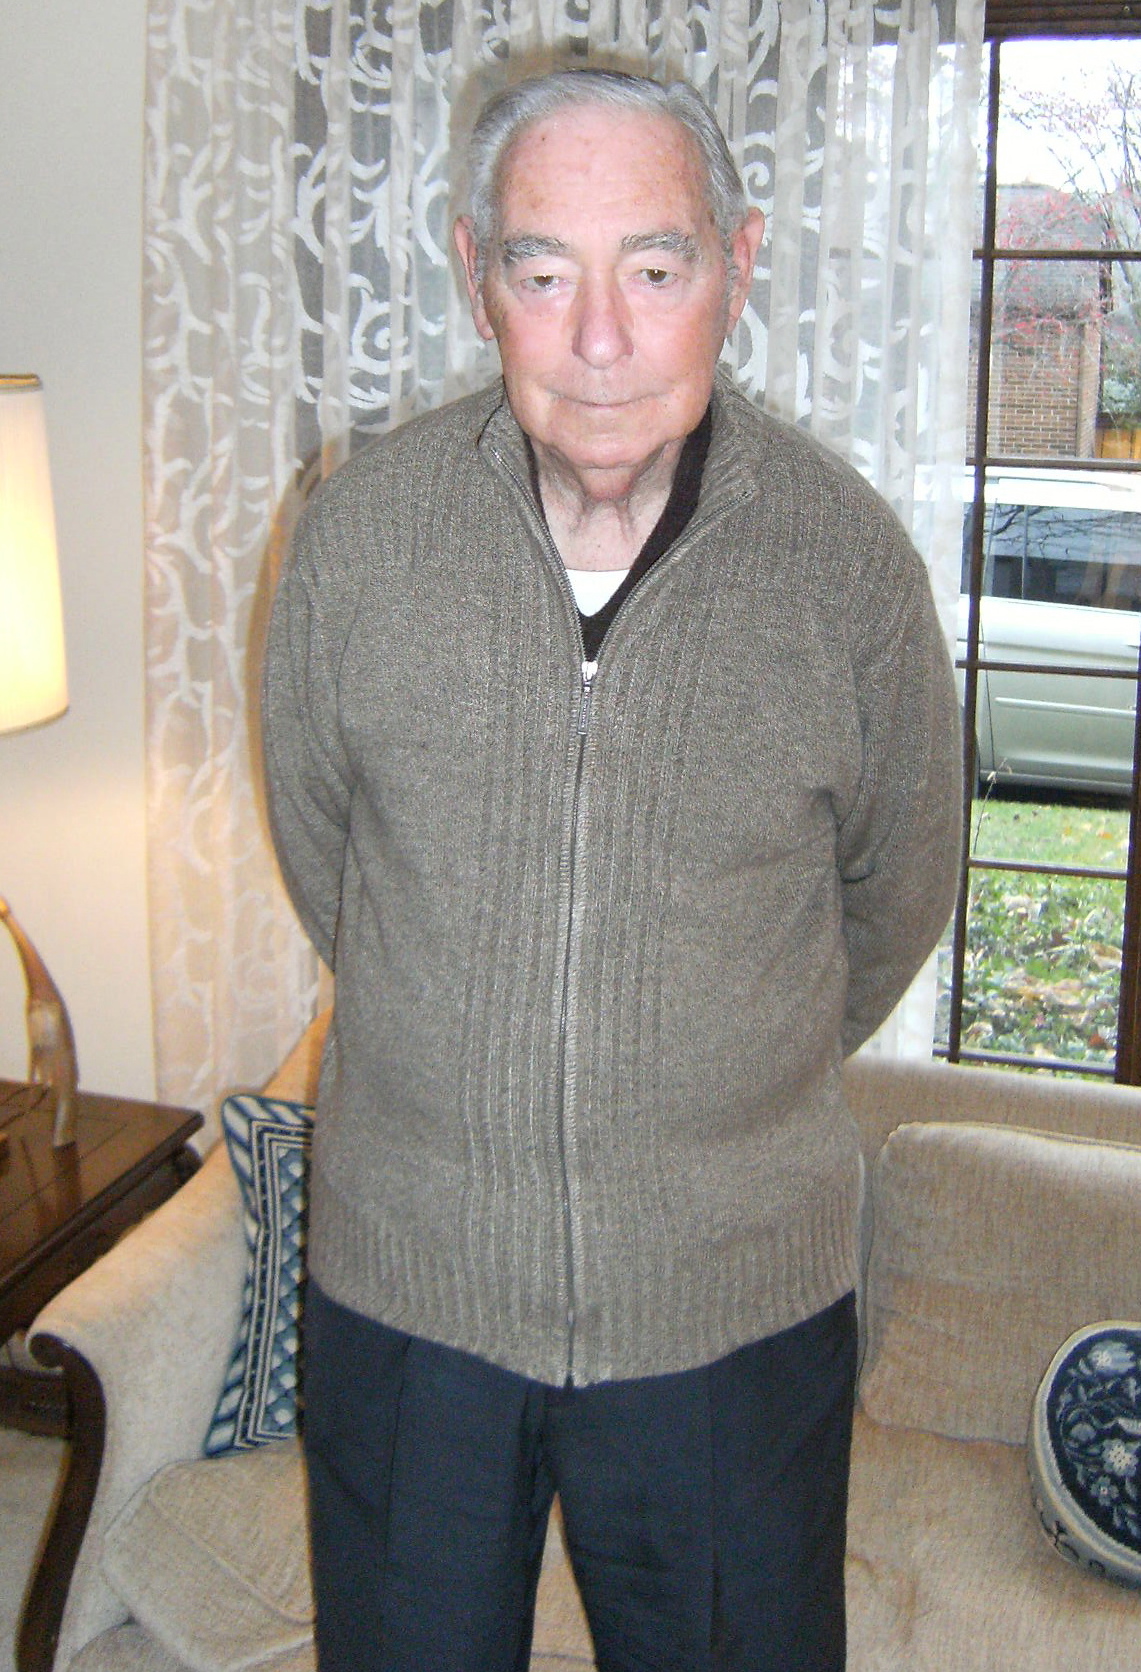 Mr. Norman Feuer pictured at his home in Columbus, Ohio on December 9, 2009
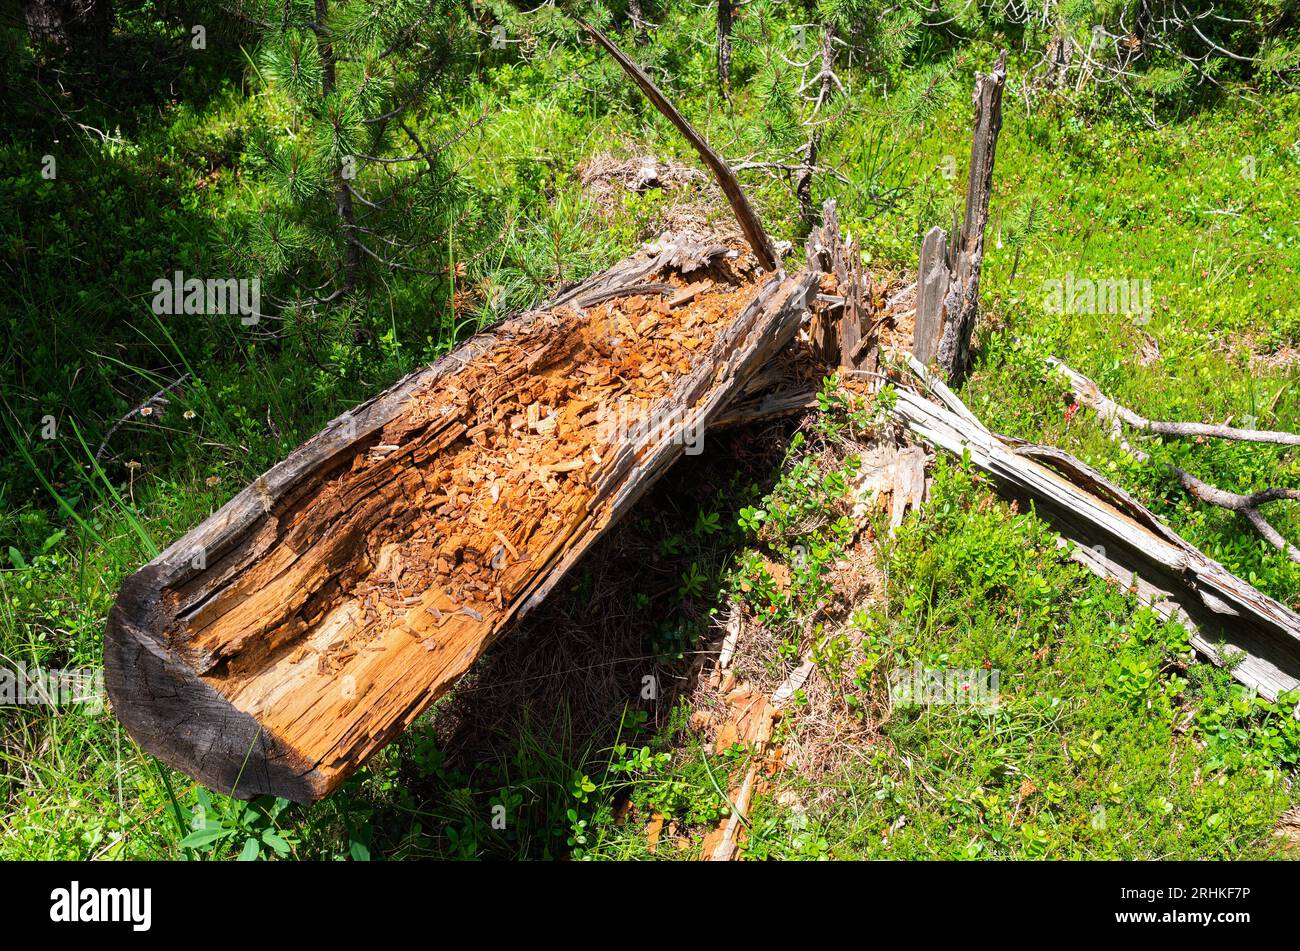 Fallen dry tree Trunk in the Swiss National Park, famous for untouched nature, located in the Western Rhaetian Alps, in eastern Switzerland. Stock Photo
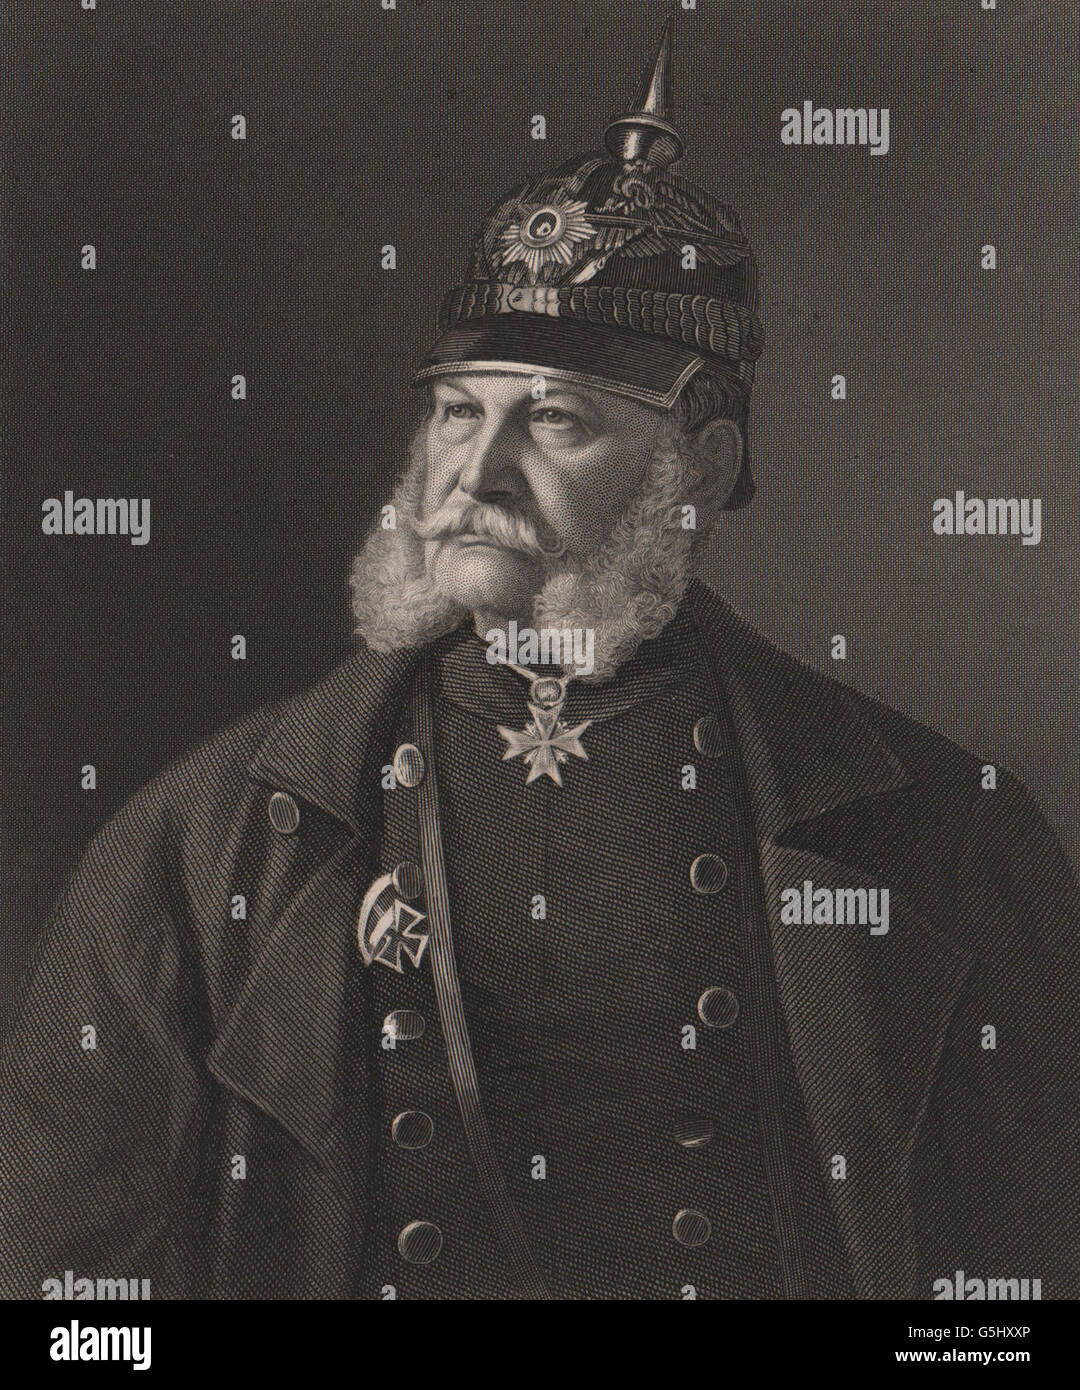 FRANCO-PRUSSIAN WAR: William, I. King of Prussia & Emperor of Germany, 1875 Stock Photo
● ● ● ● ● ● ●
Once the pictures are set aside, please output all the data word for word.

 Mr. Norman Feuer pictured at his home in Columbus, Ohio on December 9, 2009
 Fallen dry tree Trunk in the Swiss National Park, famous for untouched nature, located in the Western Rhaetian Alps, in eastern Switzerland. Stock Photo
 FRANCO-PRUSSIAN WAR: William, I. King of Prussia & Emperor of Germany, 1875 Stock Photo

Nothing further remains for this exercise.